It also is true that the informal short wing shoe is much more common than a more formal longwing, but I think this is based more on traditional shoe designs than the fact that a long/short wing is more or less formal.


----------



## Youthful Repp-robate (Sep 26, 2011)

Kreiger said:


> Of course. These shoes are a great counterpoint to the black gunboat longwings posted above, which are admittedly over 99% of the longwings you see. Point is, and I think you agree, that the long wing itself isn't what makes the gunboats informal. Likewise, in these shoes from Vass, the short wing surely is not, in itself, adding to the formality of the shoe.
> *
> It also is true that the informal short wing shoe is much more common than a more formal longwing, *but I think this is based more on traditional shoe designs than the fact that a long/short wing is more or less formal.

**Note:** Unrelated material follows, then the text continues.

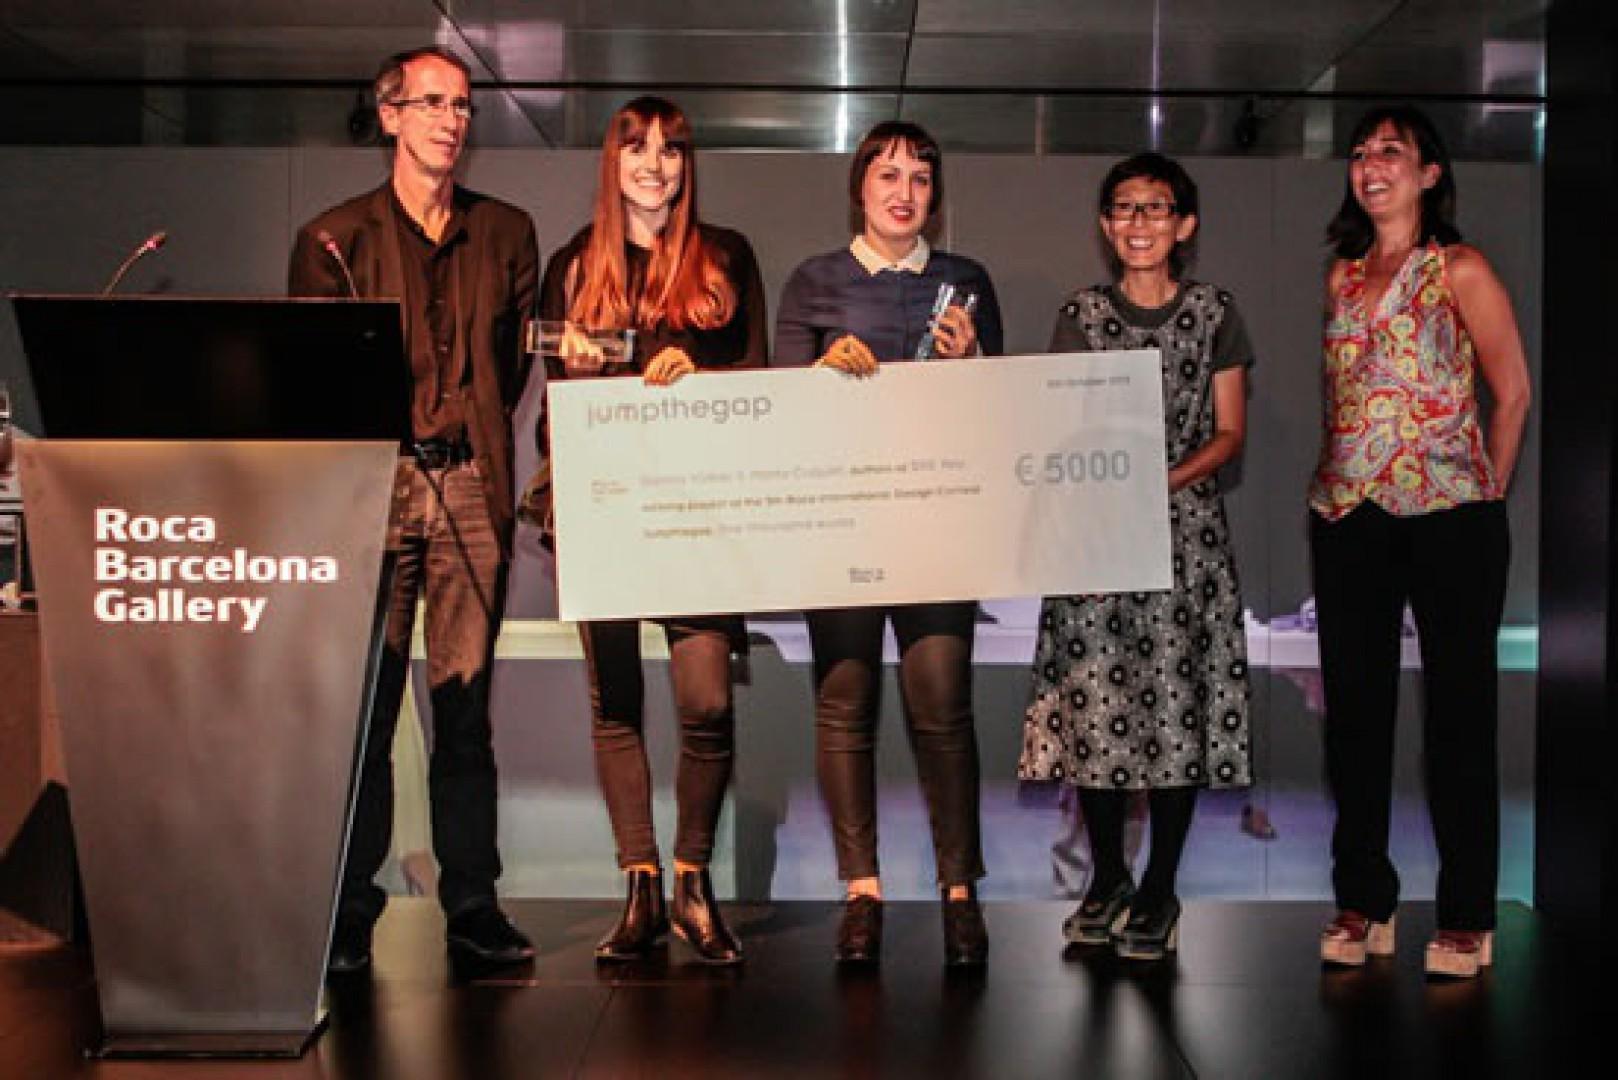 Na zdjęciu przedstawiciele firmy w towarzystwie Marty Cuquet i Sanny Völker - zwycięzców poprzedniej edycji konkursu. Fot. Roca

Bold part is very important.

That said, the last and welt on those Vass are a little too Hungarian for my taste. If I had something like that, I'd wear it less formally than I would wear a pair of LWB.


----------



## RogerP (Oct 31, 2012)

Kreiger said:


> Of course. These shoes are a great counterpoint to the black gunboat longwings posted above, which are admittedly over 99% of the longwings you see. Point is, and I think you agree, that the long wing itself isn't what makes the gunboats informal. Likewise, in these shoes from Vass, the short wing surely is not, in itself, adding to the formality of the shoe.
> 
> View attachment 8127
> 
> ...


Yes, exactly. It's not the length of the wing that grounds the difference in formality, but other design features which commonly accompany one or the other.


----------



## Gurdon (Feb 7, 2005)

Matt S said:


> I don't think the colour is relevant to the discussion, it just happened to be the pictures chosen. How would you respond if both were medium brown? The longwing would surely be the one to wear with jeans and chinos, and the wingtip would be the better choice for a suit. The regular 360 degree welt on the wingtips is still more formal than the storm welt on the longwings.


Color is important. Black is inherently more formal than other colors. The comparison would have been more reasonable had, as you suggest, both pairs been the same color.

A more useful comparison would, I think, have been between pairs of shoes identical in all respects except the length of the "wings." But, I think such a comparison would not have been particularly interesting. It would have ignored how the interaction of various factors contributes to the overall impression made by each pair of shoes.

Part of the problem with this discussion as it was framed by the OP, is the use of a pair of American gunboats as the longwing example. The similarly rough hewn Vass Budapester (I think it is that model) with goyser/Norwegian stitchdown welt, is clearly less formal/dressy than the comparably rustic AE example. It should be noted, however, that this is not necessarily because of the difference in wing length. The Vass example has double soles. Goyser/Norwegian stitchdown welts are rougher looking than storm welts and the shape of the respective pairs of shoes is very different, the Budapesters revealing their central European military boot heritage.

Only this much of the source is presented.